Over and above this direct connection with the suffrage movement, the rate book demonstrated that Alan Liddle may have had good cause to advertise to suffragettes as assiduously as she did. For it became evident that ‘Alan’s Tea Rooms’ was on the first-floor of the Oxford Street building and, in order to reach their lunch, customers had to enter by a door at the side of the shopfront and climb a flight of stairs. With so much competition from neighbouring establishments – a Liptons, a Lyons and an ABC were all close by – one can see that the proprietor may well have thought it necessary to carve out a niche market.

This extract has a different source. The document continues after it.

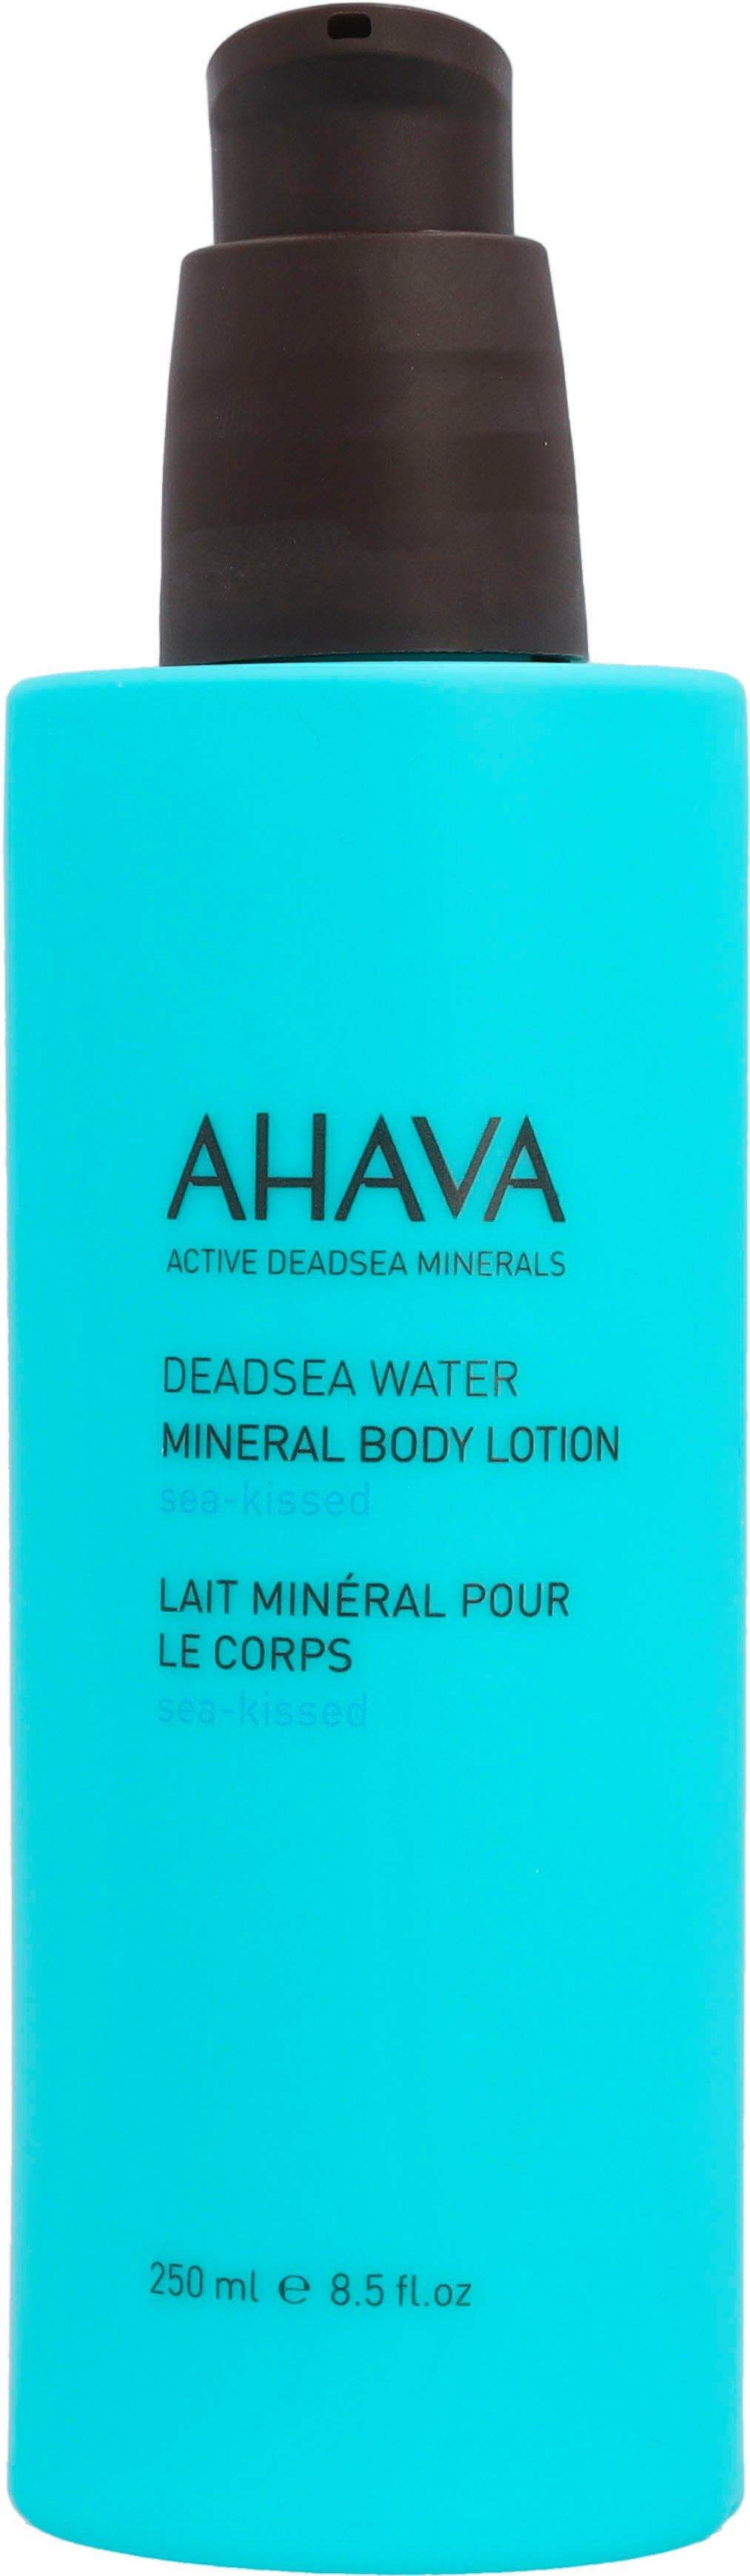 Sea-Kissed Körperlotion Water Deadsea AHAVA Mineral Body Lotion

As to the ‘look’ of Alan’s Tea Rooms – a photograph (London Metropolitan Archives) showed that the now-demolished building had at its first floor a semi-circular arcaded window, rather in the Venetian style. One might imagine that a table in the window, looking down onto Oxford Street, would have been rather popular.

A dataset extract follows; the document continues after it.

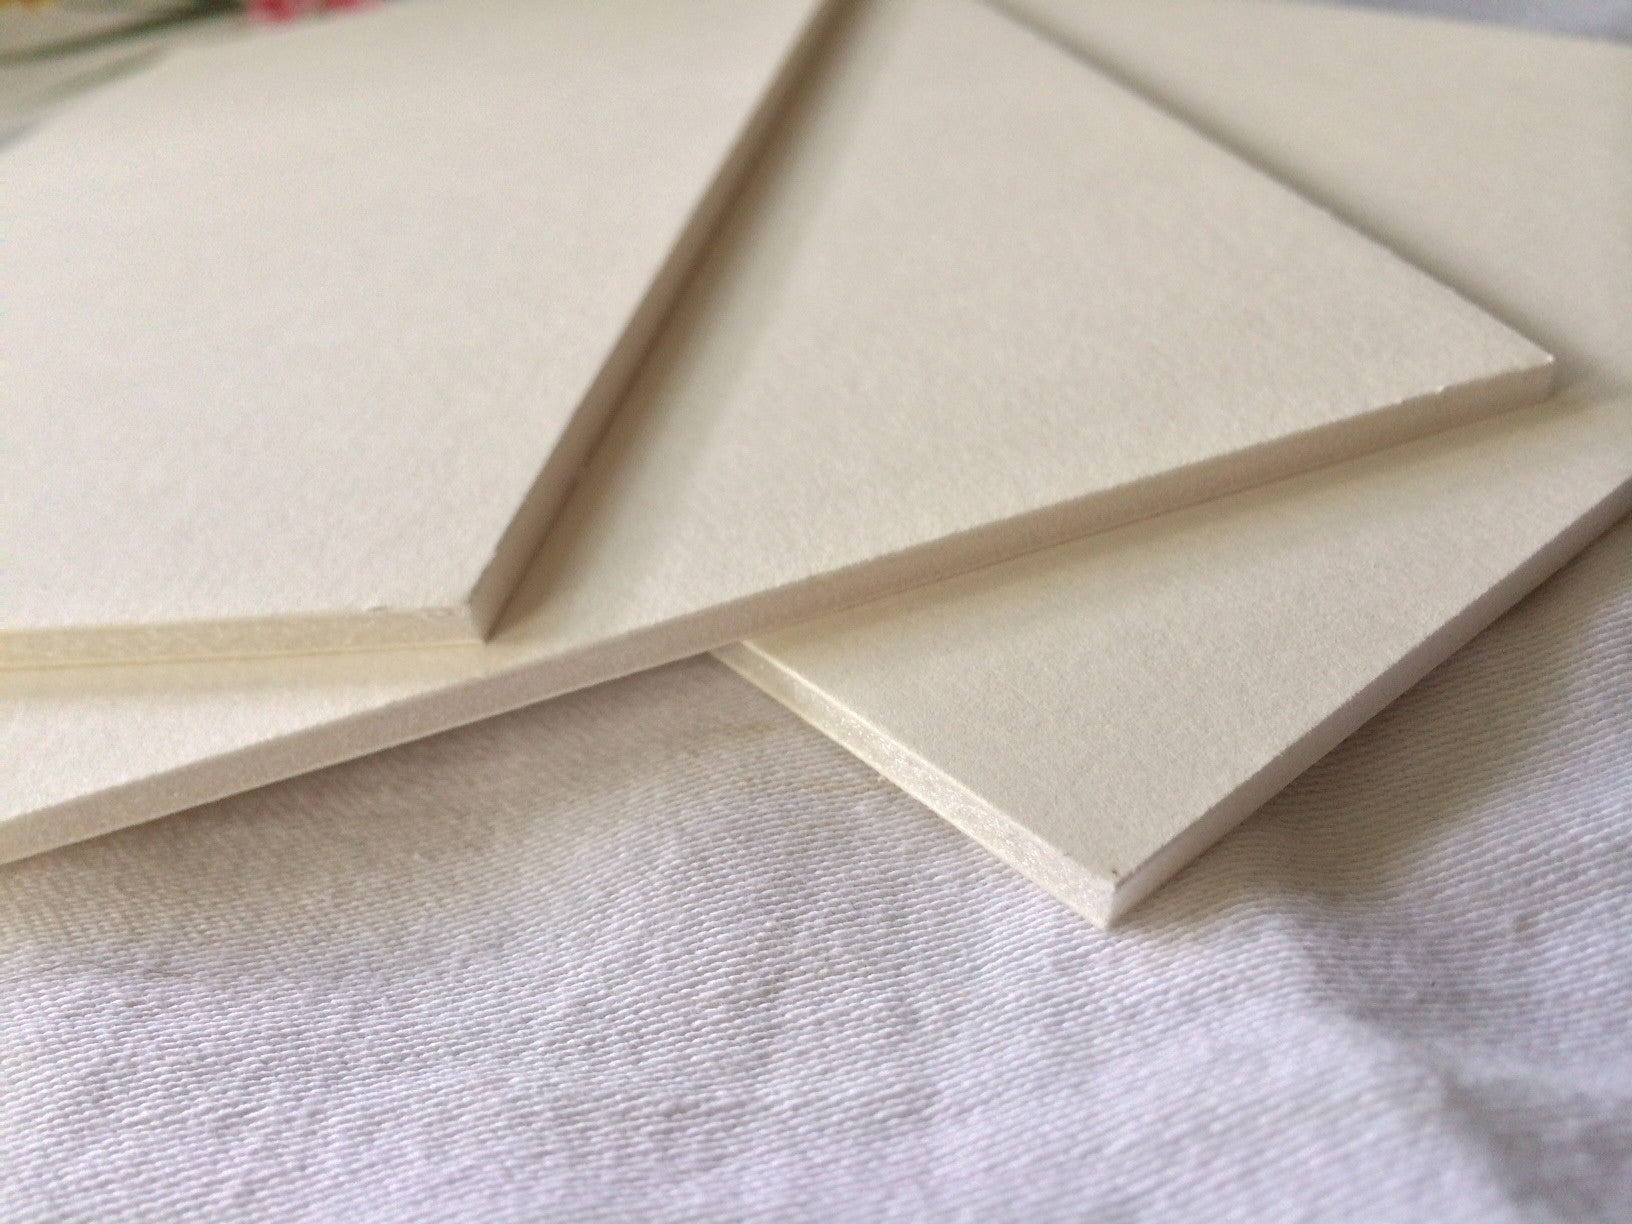 Three 5 x 7-inch foam core boards for mounting – Subversive Cross Stitch

Fortunately the discovery of a line drawing of a ‘corner of Alan’s Tea Rooms’ in a 1910 issue of The Idler, a magazine edited by Jerome K. Jerome, made it unnecessary to rely wholly on conjecture – with the bonus that the artist included a sample menu. Thus it has been possible, from a variety of sources, to recreate something of the reality of this business, which, from 1907 until 1916, provided a space in which ‘Votes for Women’ could be freely discussed.
Read the rest here.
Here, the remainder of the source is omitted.